Much of the film is taken up with Liam's formal education, which takes place in a deeply dismal Catholic junior school. His teacher is an almost unbelievably ignorant religious bigot, who works hand-in-glove with a stout, overpowering and equally blinkered priest. Both are obsessed with the need to stamp out sin, as they see it, at every possible opportunity.

The acting is universally very good. Anne Reid as the breathlessly intense teacher gives a marvellous performance, and Ian Hart does an excellent job in portraying the gradual deterioration of the father's character. The demeanour of the very young Anthony Borrows in the role of Liam himself also deserves much praise. The cinematography is excellent. The mean, gloomy streets and the depressing school are photographed to perfection.

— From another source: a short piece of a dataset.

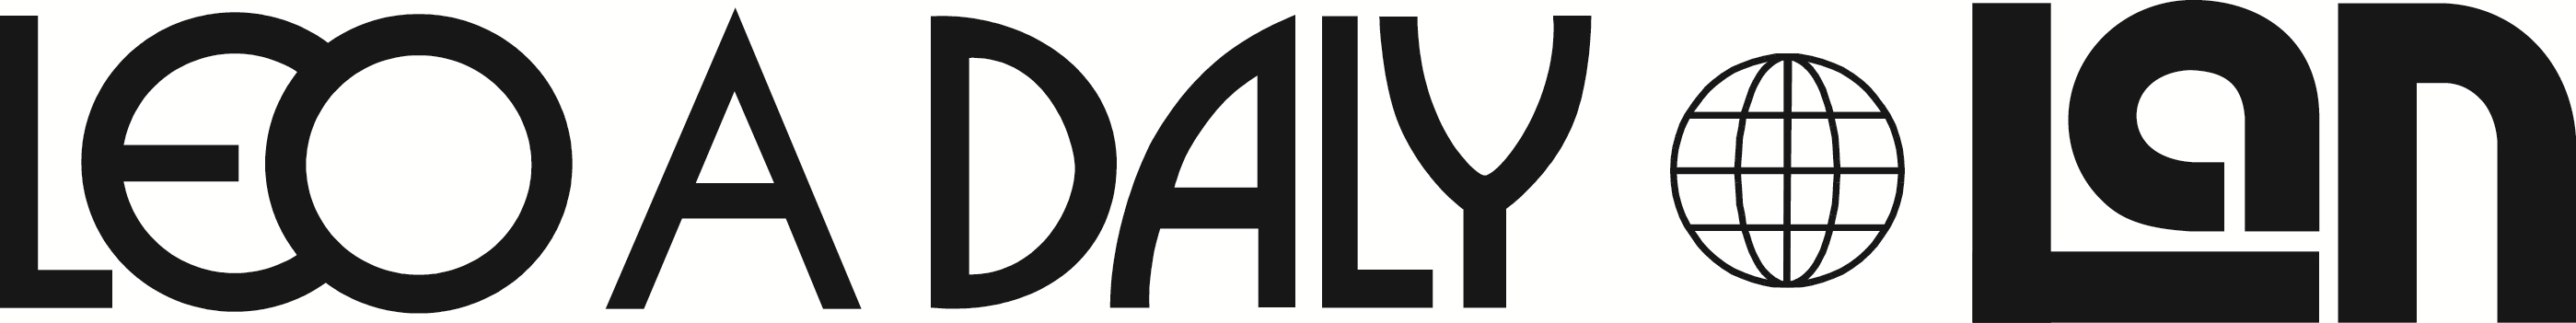 LEO A DALY/Lockwood Andrews & Newnam (LAN) logo

With so much going for it, why then does the film in the end fail to impress? There are two main reasons, I think, and several minor ones. First, the characterization is over-simple and exaggerated, so that the dramatis personae tend to emerge as working-class caricature figures rather than as rounded human beings. Second, and more important, the story fails to develop in a manner that is satisfactory in dramatic terms. The shocking, unexpected climax (details of which I won't disclose) seems contrived and unconvincing, and rather than reaching a conclusion in which the threads of the story are drawn together, the tale stops suddenly and frustratingly in midstream. It's as though someone has shouted "That's it! Time's up!" and the action has halted immediately.

It doesn't help that there are lots of small but niggling questions. Why exactly did the wealthy Jewish family take on a poor and inarticulate working-class Catholic girl at a time when there must have been very many better qualified applicants for the job? Was it really the case that Mosley's fascists did well in working-class Catholic areas of the northern cities? And so on and so forth.

In short, this is a well-meaning and sometimes impressive film but one that is let down by too much stereotyping and by an unconvincing and seriously incomplete story line. Try before you buy.